L'arge a brise le chaine,

Qui seule etait mon soutien… [134]

Чайник все не закипал, дрова не столько горели, сколько тлели. Было уже около четырех, когда она подала наконец старой генеральше чай, а сейчас съела две картошки с чужого блюдечка.

– Мне пора уходить. Я хотела выйти в обратную дорогу в два часа, а сейчас уже четыре… Мне очень грустно вас оставлять, но до сумерек надо пройти десять верст, а в семь уже начнет темнеть.

Панова взяла ее руку:

– Простимся милая. Мы не увидимся, я это твердо знаю. Хотите, я расскажу вам сейчас одну странную историю? Она короткая и не задержит вас. Моя покойная мать когда-то у себя в имении (как видите, дела давно минувших дней) пошла из большого дома зачем-то во флигель – хорошенький был домик, весь тонул в сирени. В первой же комнате со спущенными жалюзи перед глазами у нее в полусвете закружилась и замелькала черная бабочка…

– Да, да, есть такие! Их называют траурницами, – перебила Ася.

– Сначала выслушайте, милый энтомолог, а название подыщем после. Мать никак не могла от нее отмахнуться, а потом вдруг потеряла из виду. Вернувшись, она при мне выражала удивление, откуда взялась бабочка в наглухо запертом помещении. В этот вечер скончалась моя бабушка. Тогда никто ничего не вообразил и не сопоставил. Спустя два года моя мать вновь, уже во сне, увидела такую же черную бабочку, которая так же кружилась перед ней. И в этот же день скоропостижно скончался ее отец. Тогда только мы припомнили и сопоставили… И что же вы думаете?… Пять лет тому назад, за день до того, как я получила официальное извещение о гибели моего мужа в концентрационном лагере, я сама увидела такую же траурницу. Странно – не правда ли?… Наша семья никогда не отличалась ни нервозностью, ни мистицизмом.

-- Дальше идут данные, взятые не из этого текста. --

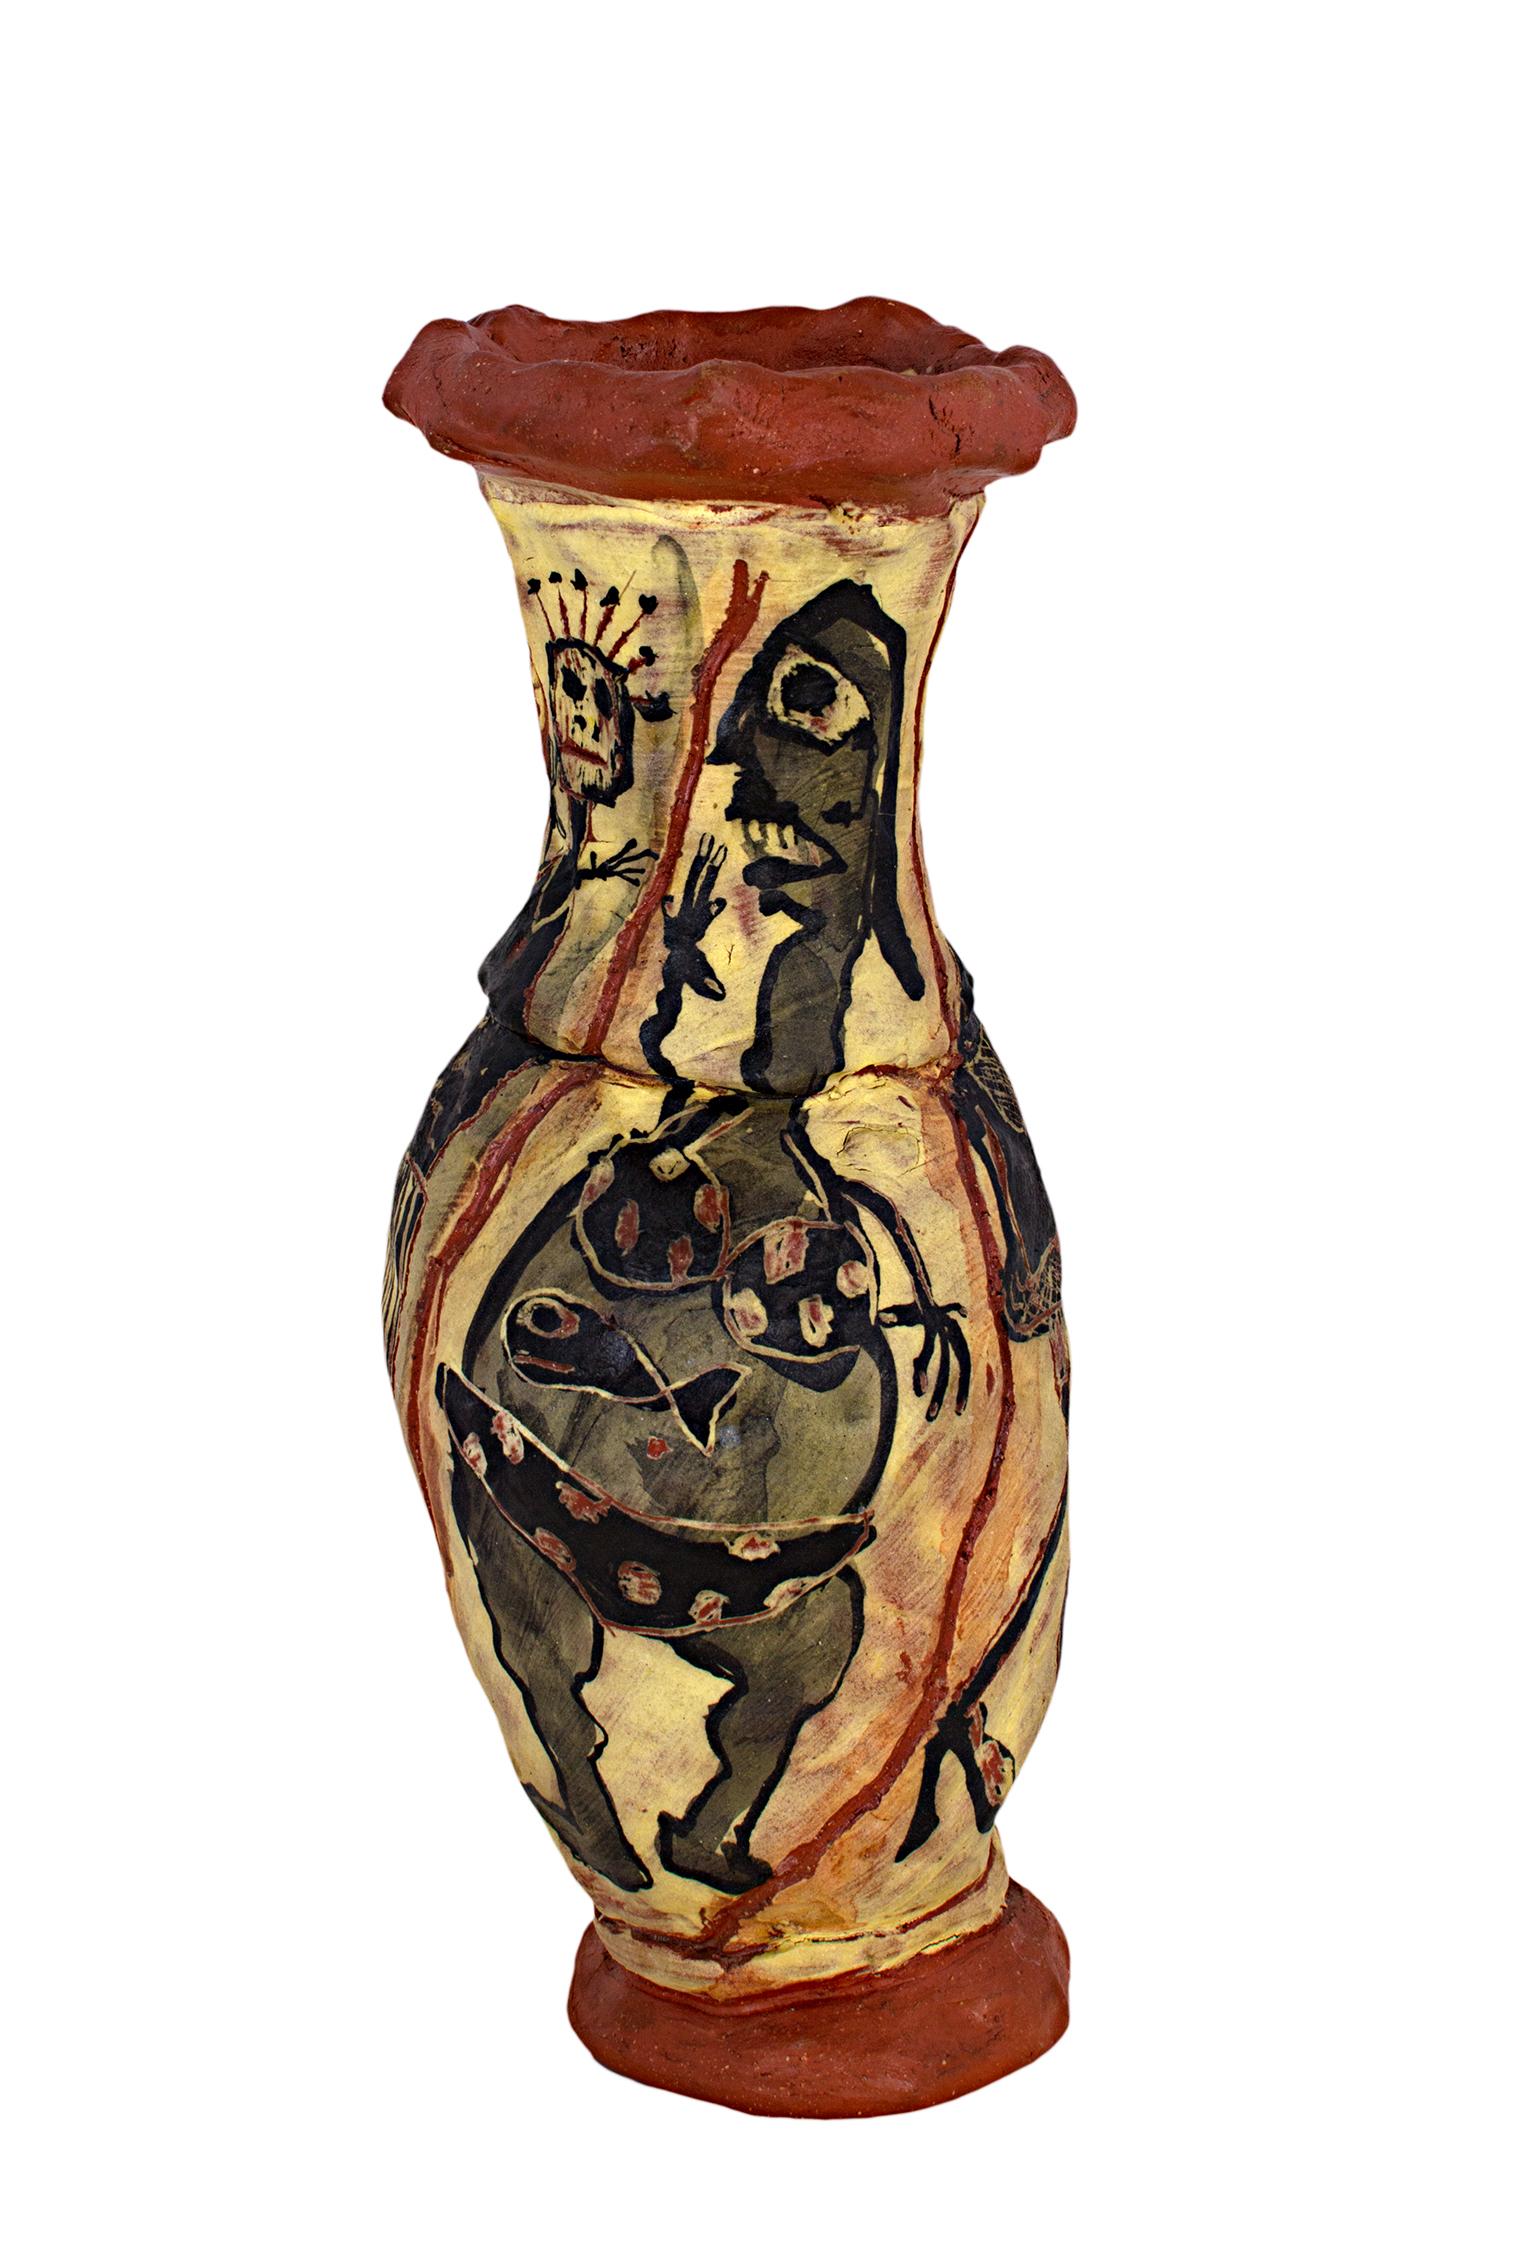 "Untitled Vase, " Neo-Expressionist Ceramic Vase signed by Michael Gross
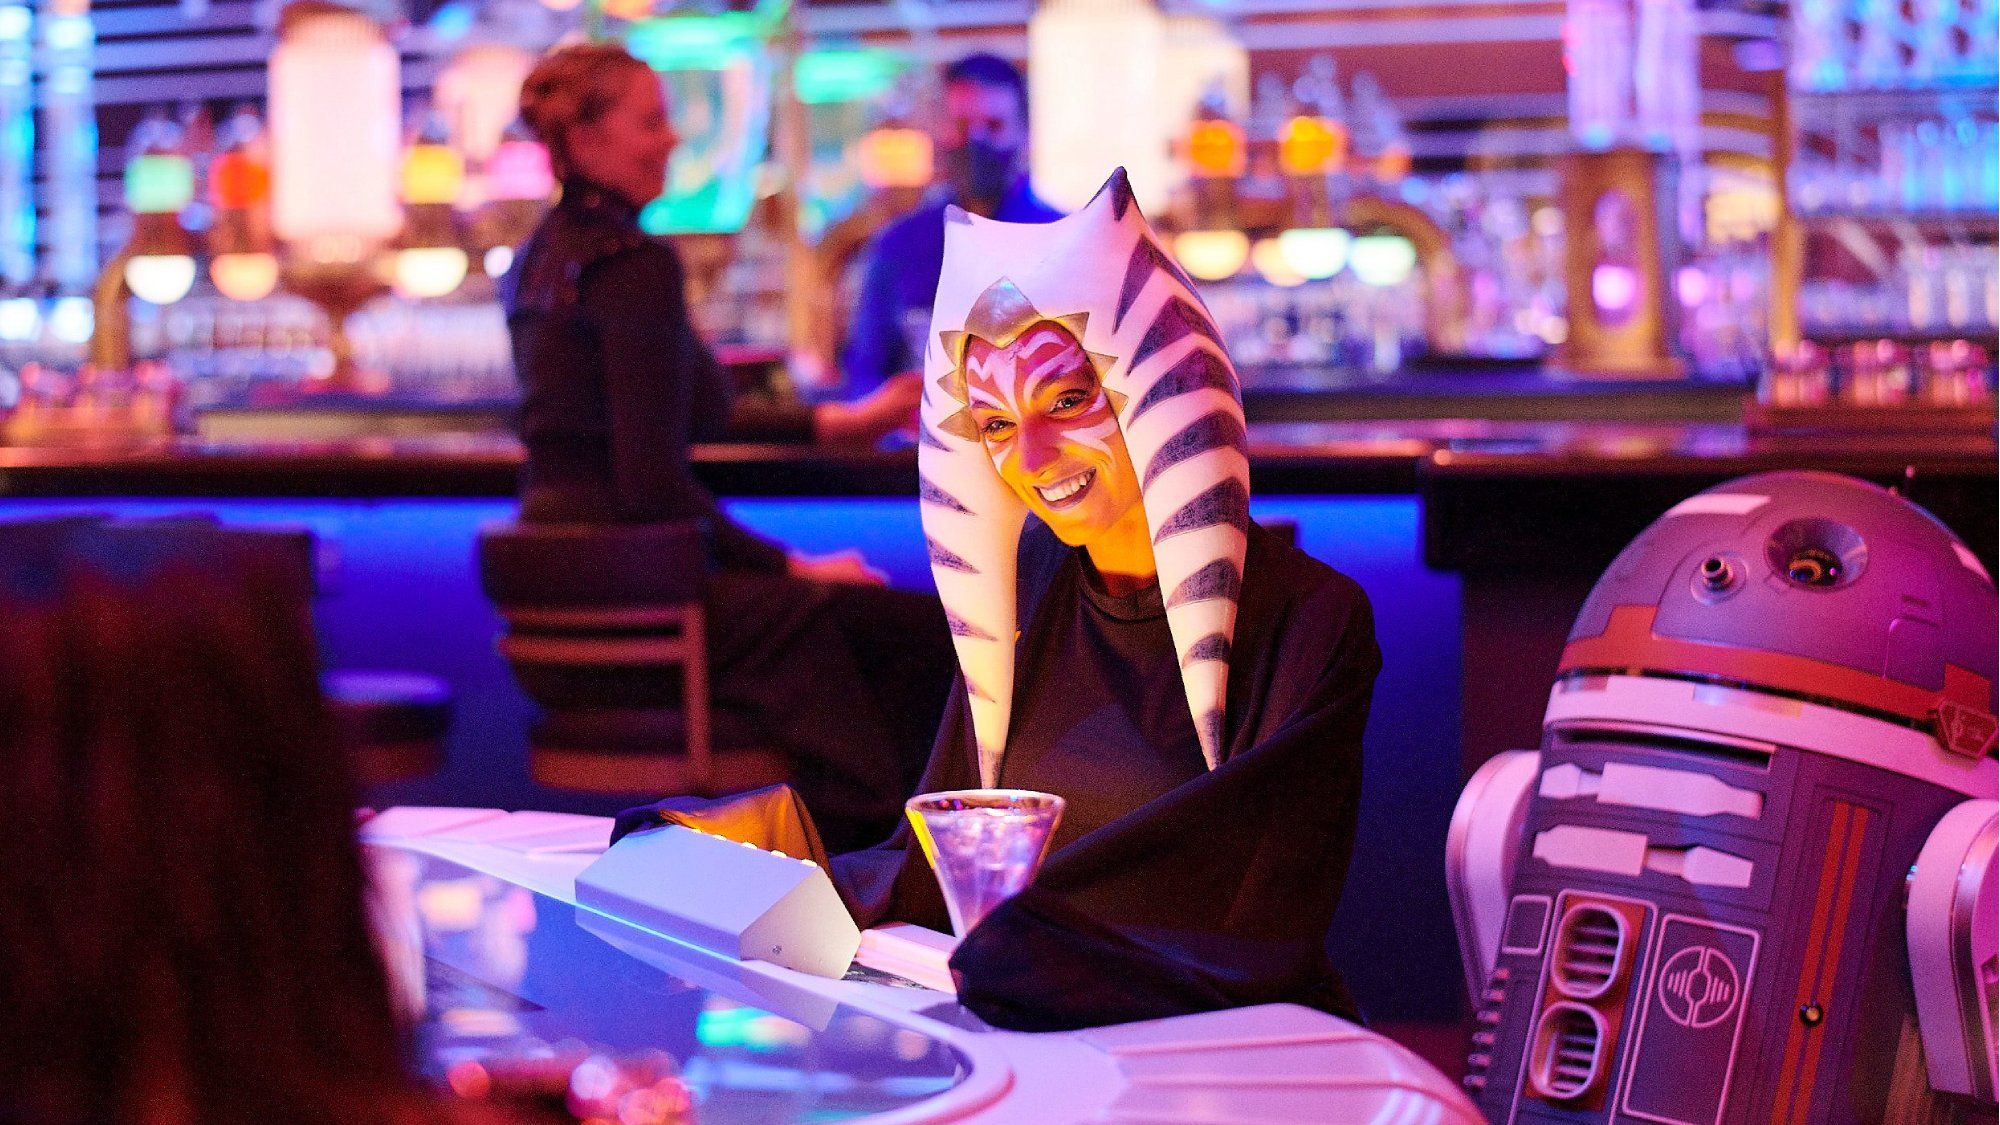 Guests are fully immersed in the action on Star Wars: Galactic Starcruiser, including dressing as characters.

Моя мать была уравновешенная разумная женщина, отличная хозяйка, мать пятерых детей. Откуда этот семейный доморощенный мистицизм, это предзнаменование, привязавшееся к нам?

– Да, странно! Очевидно, оттуда посылают иногда предупреждение… – прошептала Ася.

– Для верующего человека остается сделать только такой вывод. Я не делаю никакого, я только рассказываю. Но история-то моя еще не кончена: сейчас, как раз перед вашим приходом, я задремала, и…

Рука Аси дрогнула в ее руке.

– Опять она?

– Она. Покружилась и пропала. Очевидно, конец. Я сейчас напишу вам на этом вот клочке адрес моего сына. Напишите ему, что его мать, умирая, любила его так же, как любила маленьким, прощать мне нечего – я все поняла; фотография его у меня здесь, под подушкой. А теперь дайте я вас перекрещу; я с первого же дня нашей встречи в вагоне почувствовала к вам симпатию. Дай-то Бог, чтобы вы благополучно выпутались из ваших трудностей. Поцелуйте меня и ступайте. Мне никого не надо. Я хочу быть одна в последние минуты, а вас ждут дети. Идите, идите – скоро начнет темнеть, сегодня пасмурно и вьюжно.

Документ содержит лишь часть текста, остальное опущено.